The use of ketamine and propofol in combination has been coined “ketofol.” The reason these agents were combined was to provide appropriate sedation and analgesia while decreasing adverse events by using less of each individual agent. The combination of ketamine and propofol is effective for PSA.38–44 It provides a more rapid recovery than ketamine alone. The combination has similar complication rates, less adverse effects, and higher satisfaction scores than using higher doses of ketamine as a single agent.
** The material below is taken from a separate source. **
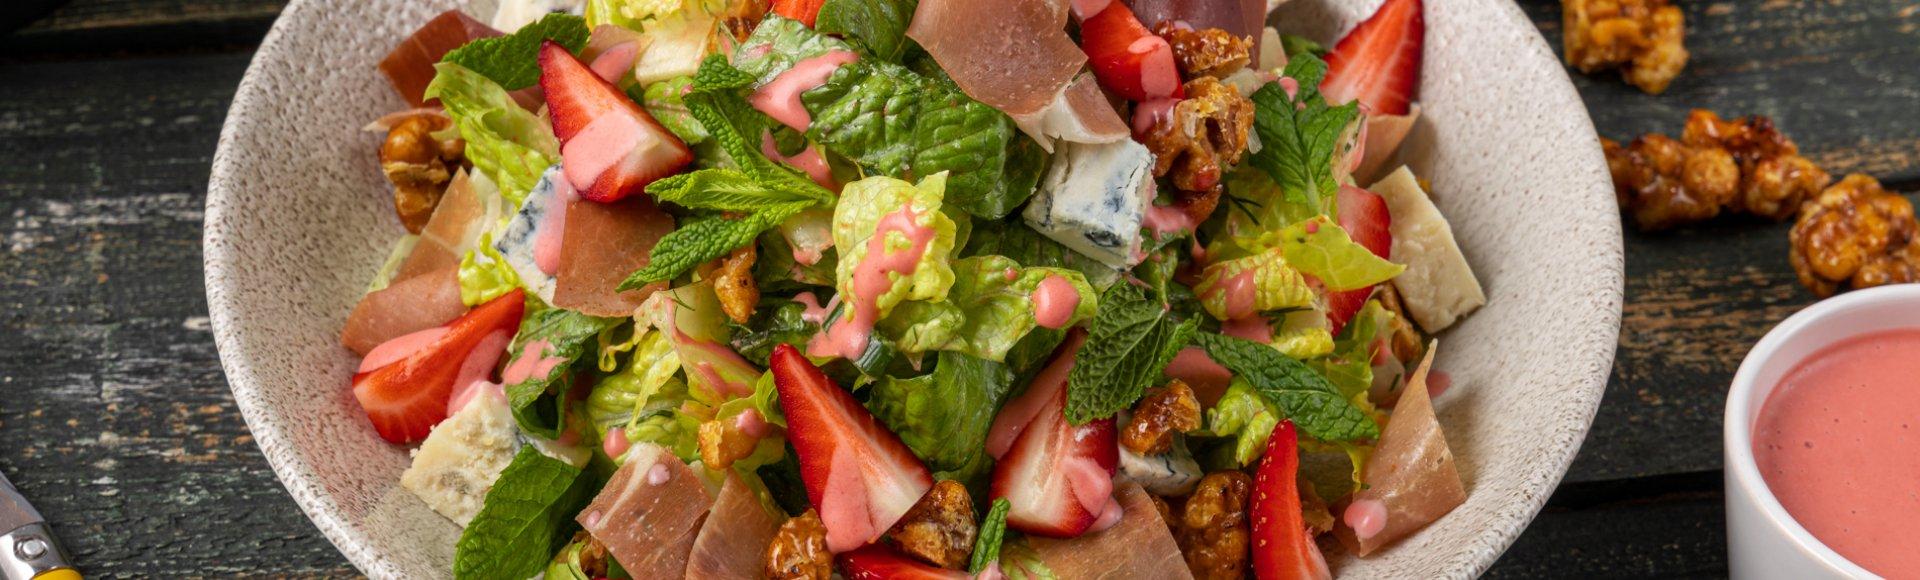 Σαλάτα Φρεσκούλης παραδοσιακή, με φράουλες, γκοργκοντζόλα και προσούτο

There is no established standard dosing. Prepare both the ketamine and the propofol as a 10 mg/mL solution. These agents can then be administered intravenously in a 1:1 ratio in aliquots of 1 to 3 mL every 2 minutes until the desired effect is achieved. Another option is to mix equal parts of both solutions into one syringe and administer the appropriate volume to deliver 0.5 mg/kg of each agent. Additional boluses can be administered to deliver 0.25 mg/kg of each agent every 2 to 3 minutes until the desired effect is achieved.